Governments have the luxury of being able to use the tax system to increase income if debt service ratios increase. The private sector has no such ability (raising prices may damage sales), so it is perhaps more important to focus on the affordability of private sector debt. Comparing BIS derived private sector debt service ratios (interest payments plus amortisations divided by income) at the end of 2019 and the end of 2021 gives a mixed picture. There were notable declines in Australia (from 19.4% to 17.3%), Canada (24.4% to 22.7%), India (11.2% to 9.7%), Netherlands (25.6% to 23.8%), South Africa (8.9% to 7.0%) and the US (14.5% to 13.4%).
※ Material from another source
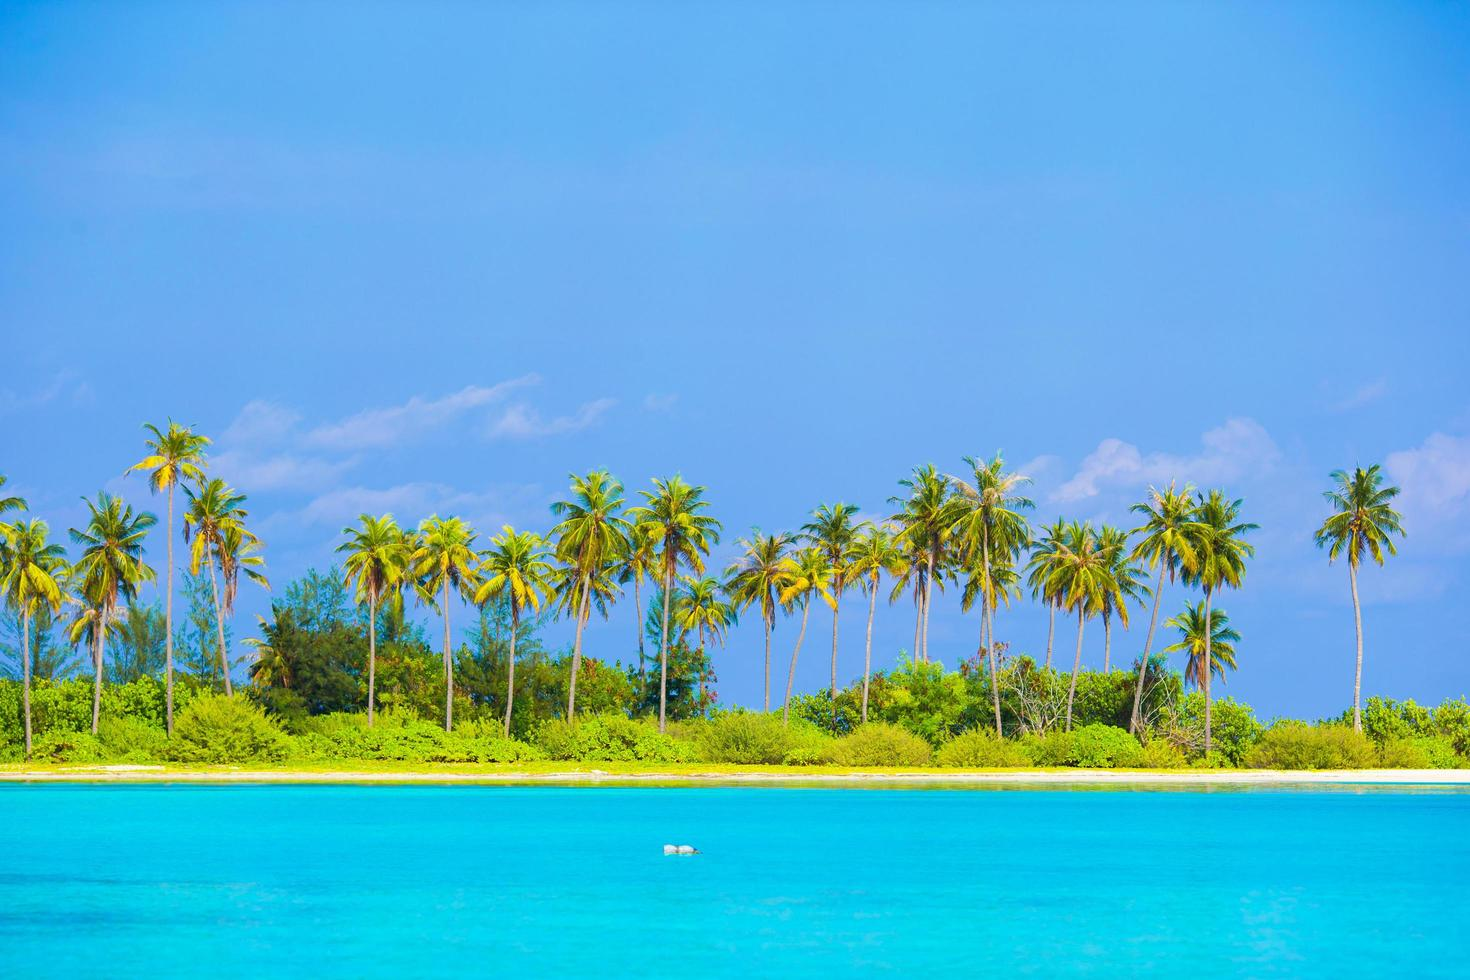 Tropical beach at daytime photo

Some of those countries may have benefitted from the rise in commodity prices that started in mid-2020.
However, there were also some notable increases in private sector debt service ratios between end-2019 and end-2021, with the biggest in Turkey (13.7% to 19.7%), Brazil (18.1% to 21.3%), Sweden (23.7% to 26.6%) and France (19.4% to 20.8%). In all cases where data is available, the major contributor to the rise in debt service ratios was the corporate sector, with notable gains in Sweden (+8.9 percentage points to 56.0%), Spain (+7.3 ppt to 39.4%), Japan (+6.7 ppt to 40.0%) and France (+6.5 ppt to 61.1%).
Of course, countries such as Brazil and Turkey had already seen a big rise in bond yields in 2021 which may explain some of the rise in their debt service ratios. However, the rise in yields in much of the developed world has been concentrated in 2022 and may only just be starting to impact debt service ratios.
If corporate debt is to become a risk, we suppose the biggest threat would be in countries where service ratios are the highest. As of end-2021 this list of countries would be France (non-financial corporations debt service ratio of 61.1%), Sweden (56.0%), Canada (51.3%), Belgium (43.6%), Netherlands (43.2%), South Korea (40.7%) and the US (40.1%). For the most part, those are the countries in which corporate sector debt is the most elevated.
Unless stated otherwise, all data as of 08 July 2022.

Note: “Global” uses BIS “All reporting countries” data and is calculated using PPP exchange rates (it is based on a larger sample of countries than is shown in the chart). The countries shown were the 25 largest in the world by GDP, as of 2019.